The Kwajalein Atoll is a third Marshal Island region used by US military to test its firing power. In 2012, the US Military conducted its largest air assault test ever on the Kwajalein Atoll. The Marshall Islands are made up of 90 separate islands. The United States owns 11 of them.

The Island of Culebra, which is part of Puerto Rico, was used as a gunning and bombing test site by the US Navy from 1939 to 1975. In 1971 the people of Culebra began protests, known as the “Navy-Culebra protests”, for the removal of the US Navy from Culebra. Four years later, in 1975, the use of Culebra as a gunnery range ceased and all operations were moved to Vieques.

Vieques, a neighboring island of Culebra, was used by the US Navy as a military practicing site from 1949 to 2001, occupying two-thirds of the island. The island was fired upon from the air or from the sea. In 1999 a resident of Vieques was killed when a US Navy bombing test went wrong, giving rise to a massive protest by locals, forcing the US Navy to halt all operations.

The Aleutian Islands, located between the US and Russia, just west of Alaska, extend about 1,200 miles and are made up of a chain of 14 large volcanic islands and 57 smaller ones.

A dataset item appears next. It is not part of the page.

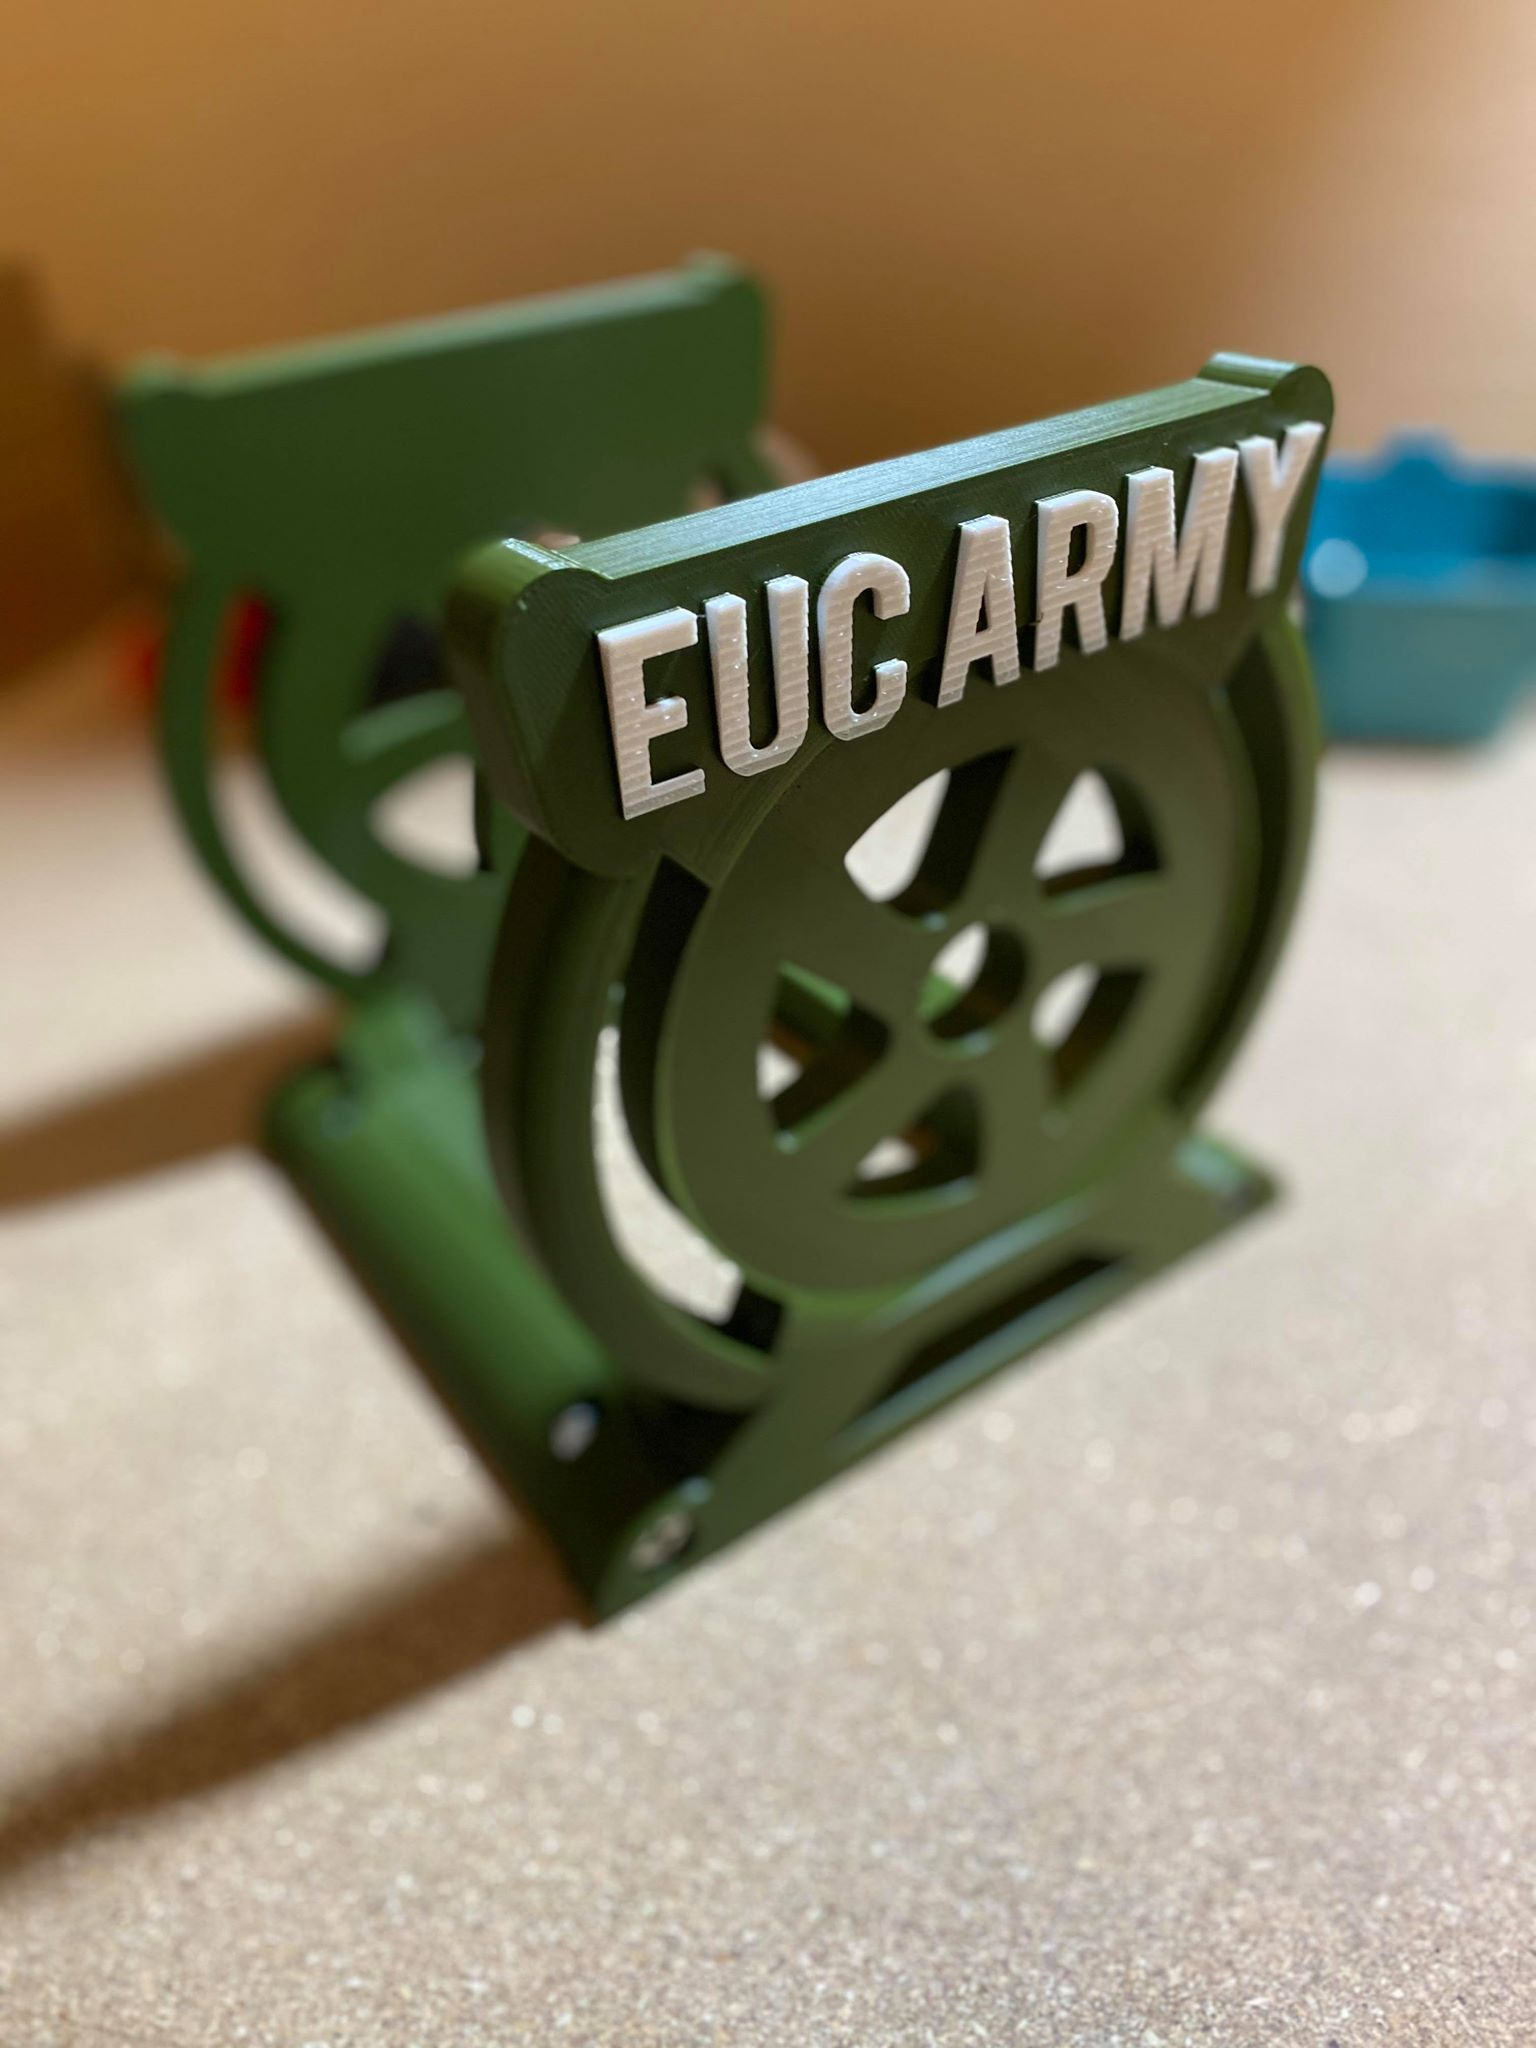 EUC Stand 3.9 Army Green Premium

Between 1965 and 1971 the US military performed 3 atomic bomb tests on the island of Amchitka. The largest of the bombs, called “the Cannikin” had an atomic force that was 385 times more powerful than the atomic bomb dropped on Hiroshima Japan. It is the largest underground nuclear explosion by the United States to date.

The Makua Valley located off the western coast of the O okina ahu island in Hawaii, is being used by the US Military since 1920 to conduct mortar shells and artillery exercises.

The Kaho’olawe Island in Hawaii has been a test site for the US Military since WWII. In 1965 the US Marines detonated a 500 ton TNT bomb which made a gigantic crater impression on the Island. The huge crater is off limits for the most part because there are still other explosives left behind that did not detonate. All testing were halted on the Island in 1990, when long dragging protests forced the US military to stop their bombing practices.

Kirimati or “Christmas Island”, which is the largest Atoll in the world and belongs to the Republic of Kiribati, was a test site for the US Military from 1957 to 1962. During that time, the British military was also using the island to conduct its own gun and bombing tests.

The Johnston Atoll, an uninhabited island in the Pacific Ocean, about 750 nautical miles southwest of Hawaii, was a US military test site and military landing base for 70 years. During that time, the island was also used as a dumping ground to expose of chemical weapons. In 2004, the island came under the protection of the US Fish and Wildlife Services and has been ever since.

The Pohakuloa Training Area (PTA) on the big island of Hawaii is the United States Military’s largest training/testing site in the Pacific Ocean. The area includes a small military airstrip known as “Bradshaw Army Airfield”. The region was used for live fire exercises in 1943 during World War II. PTA has a 51,000 acres impact area which is used for bombing and gunnery practice.

The area got refurbished in March 2009 to allow helicopter training. Its remoteness allows a wide range of weapons to be used, including the Davy Crockett nuclear rifle with dummy warheads and depleted Uranium. Radiation has been detected in the area but levels are said not to be life-threatening.